REQUIRED ACTION - If pictures are present, leave them out, and copy the data word for word.

MATERIAL PROVIDED -
__________

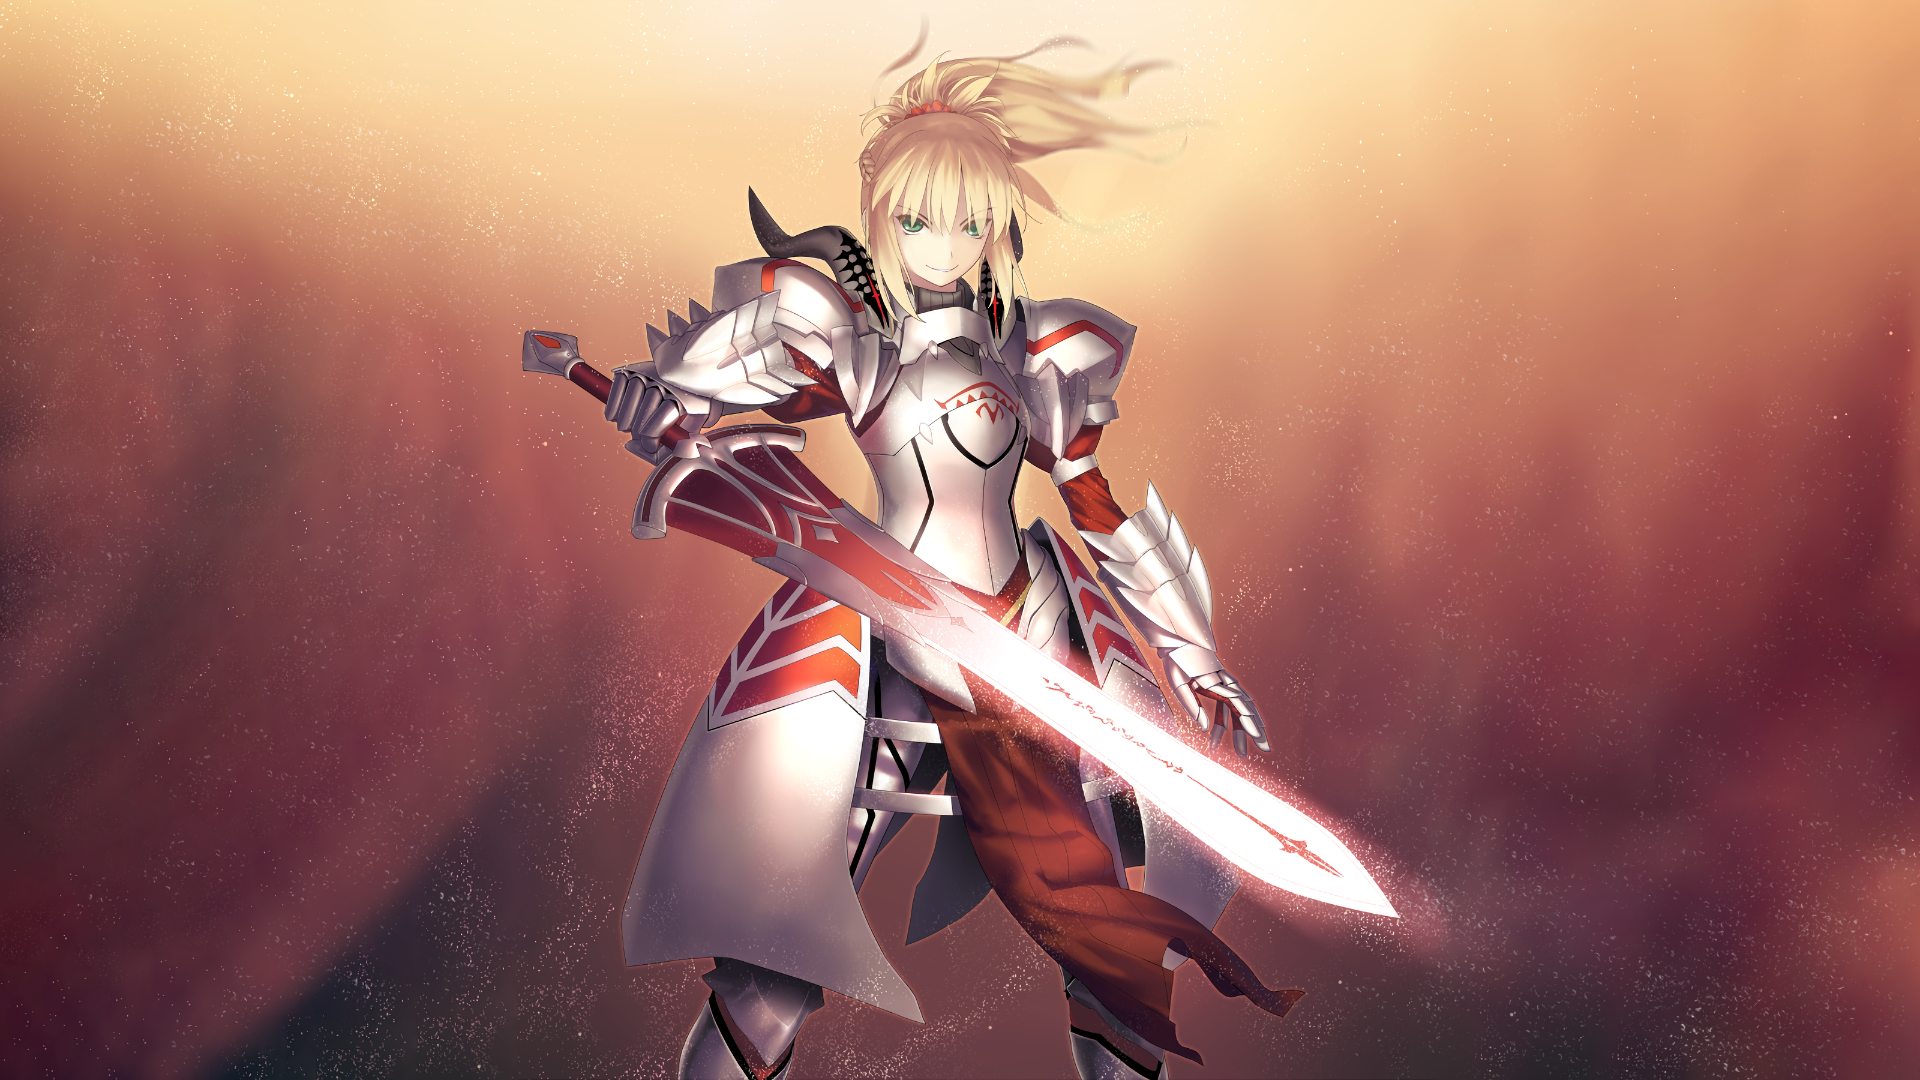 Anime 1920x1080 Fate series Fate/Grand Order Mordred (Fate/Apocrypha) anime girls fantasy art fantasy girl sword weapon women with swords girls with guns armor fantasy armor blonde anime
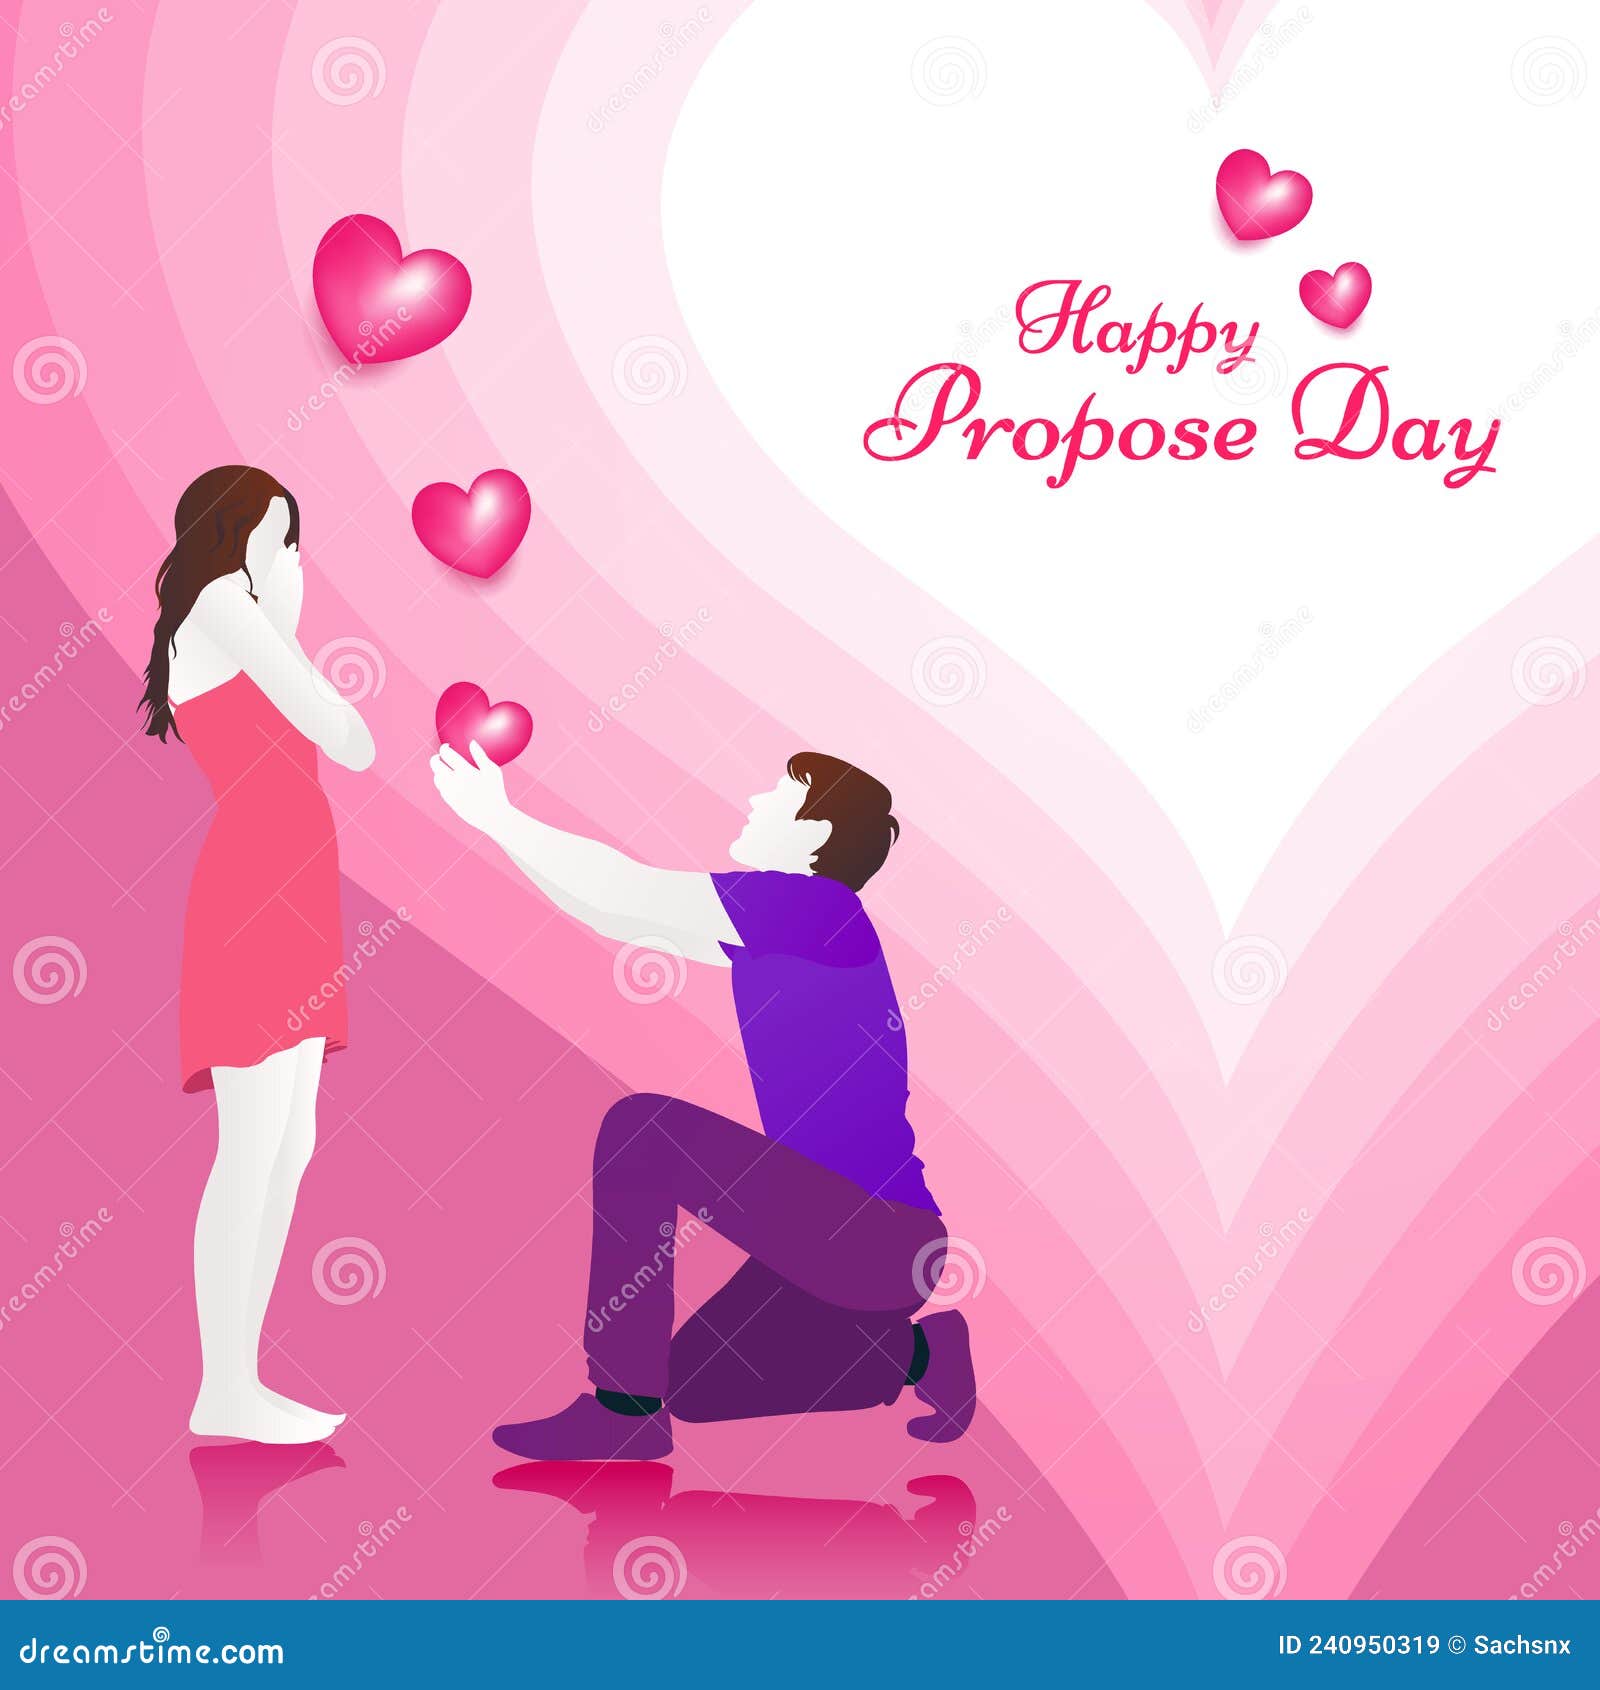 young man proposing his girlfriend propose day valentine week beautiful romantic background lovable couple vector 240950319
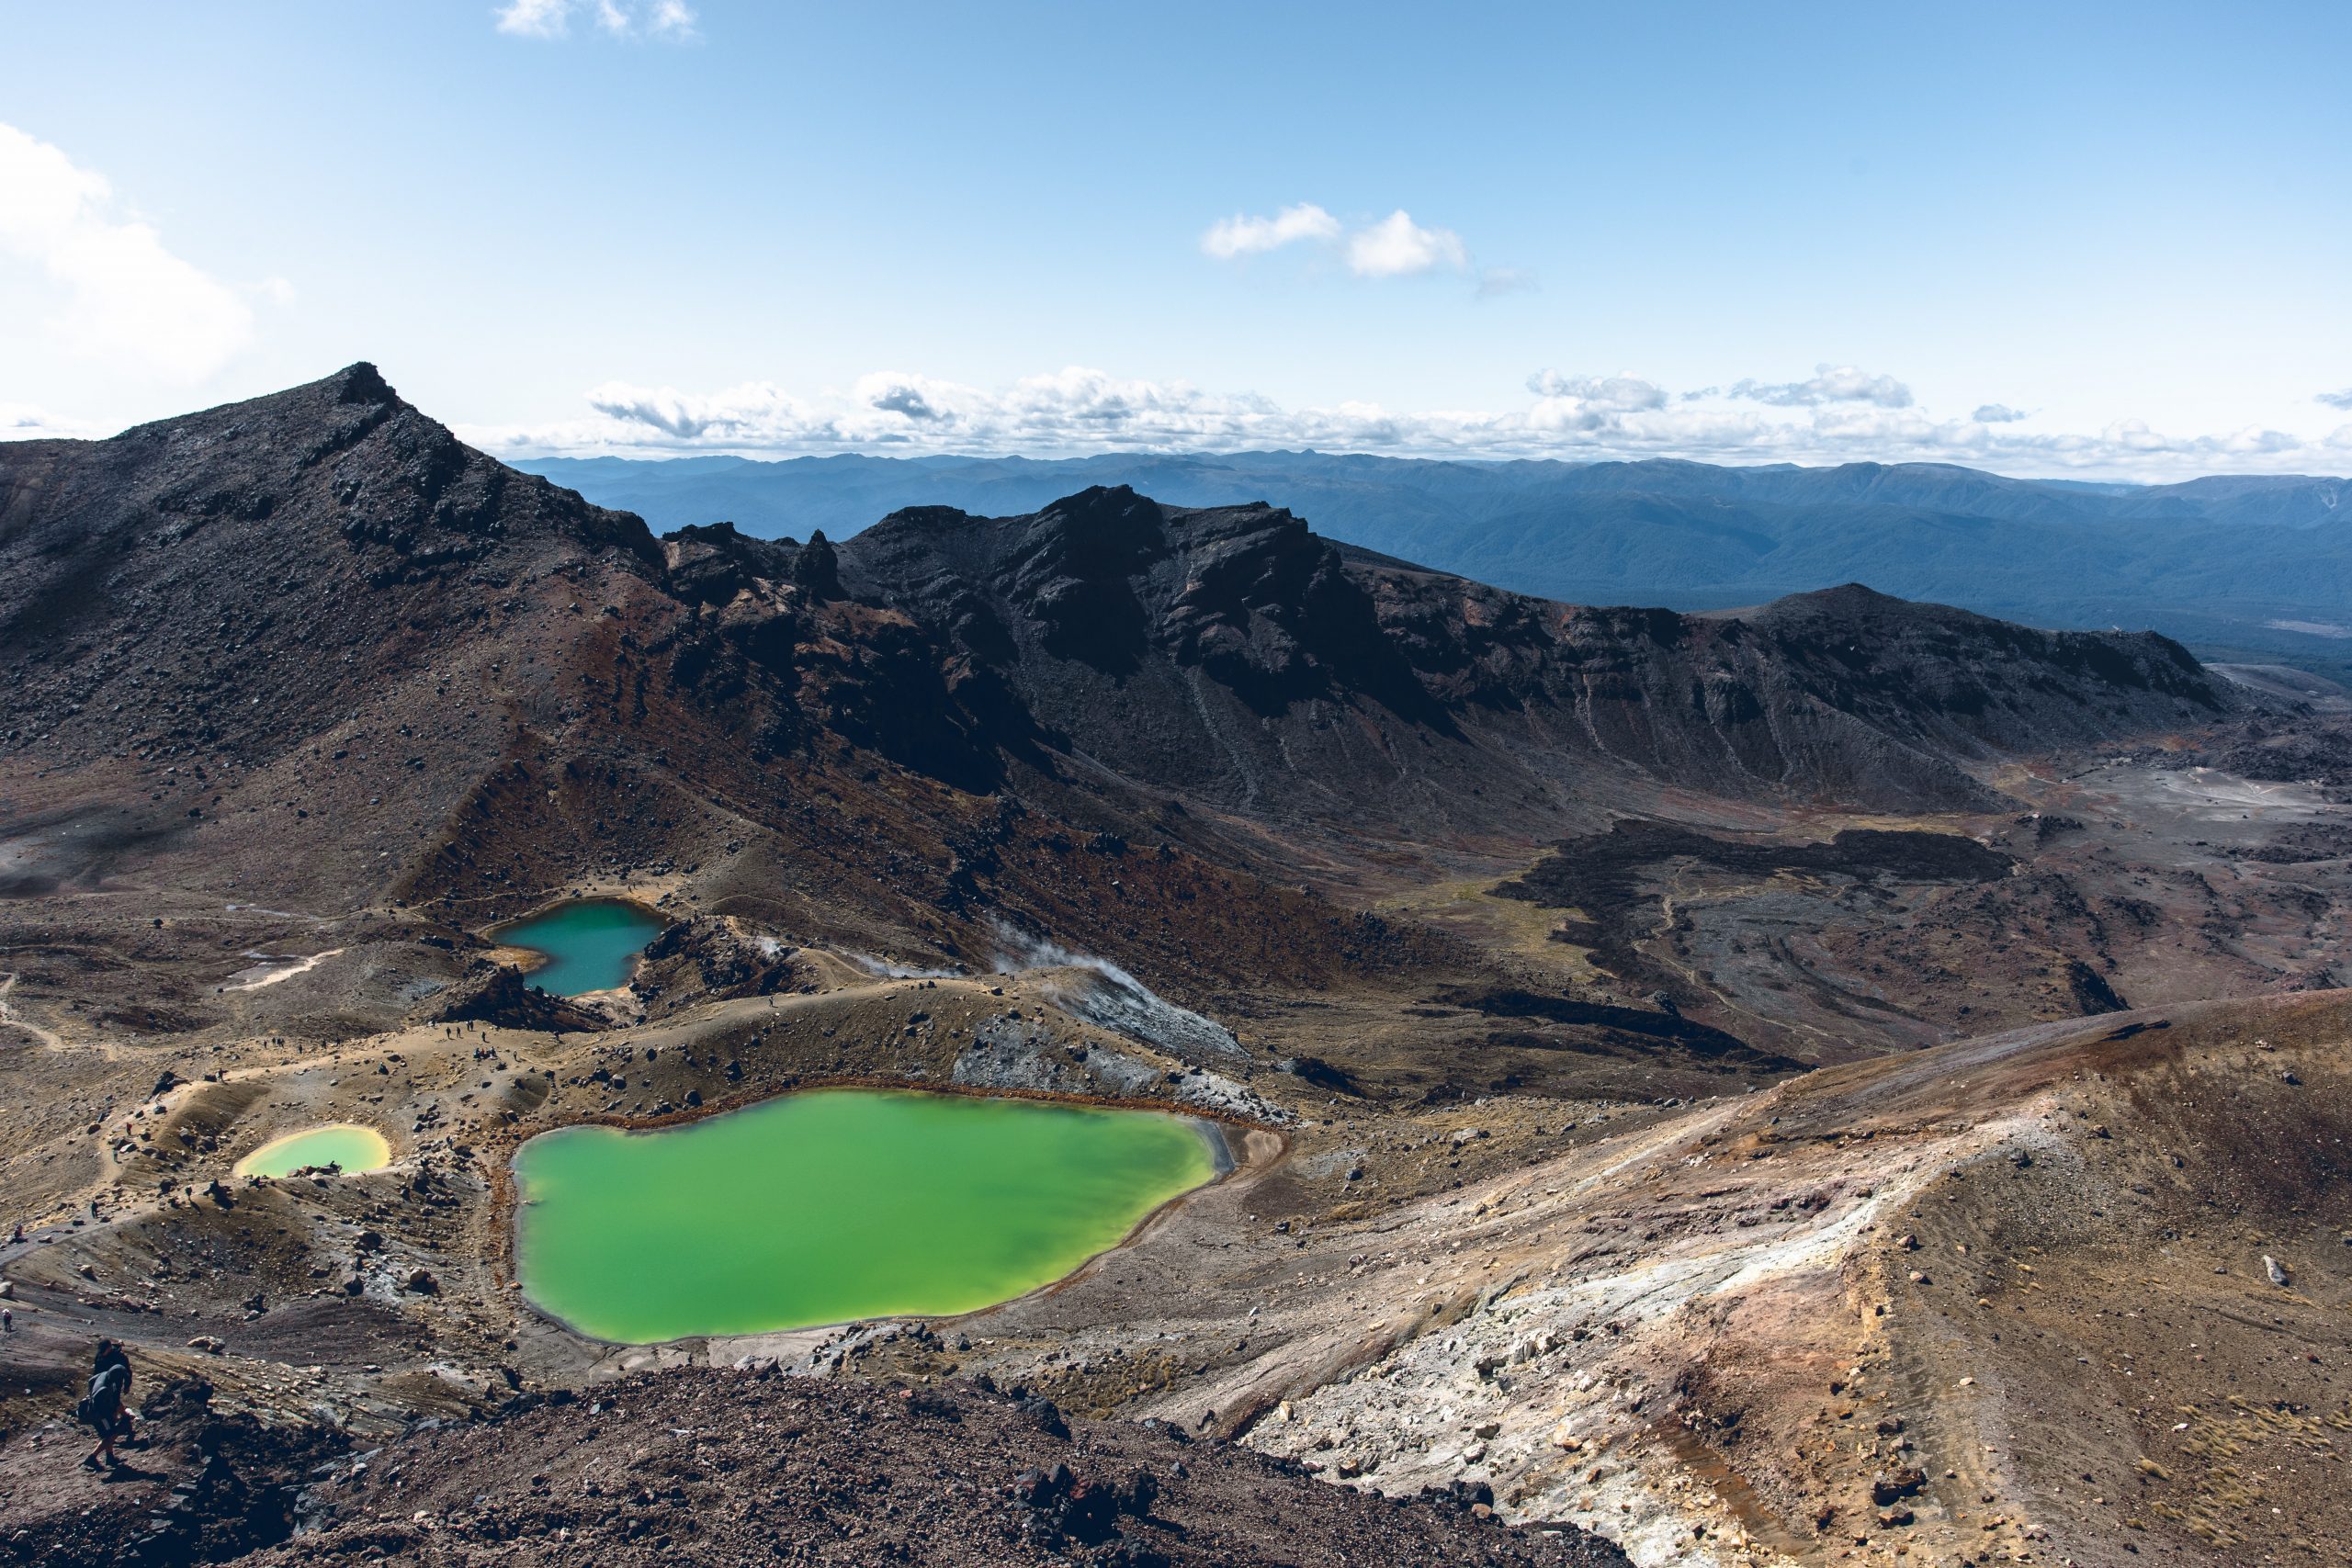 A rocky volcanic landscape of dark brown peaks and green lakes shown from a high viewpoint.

__________

ANSWER -
 Anime 1920x1080 Fate series Fate/Grand Order Mordred (Fate/Apocrypha) anime girls fantasy art fantasy girl sword weapon women with swords girls with guns armor fantasy armor blonde anime
 young man proposing his girlfriend propose day valentine week beautiful romantic background lovable couple vector 240950319
 A rocky volcanic landscape of dark brown peaks and green lakes shown from a high viewpoint.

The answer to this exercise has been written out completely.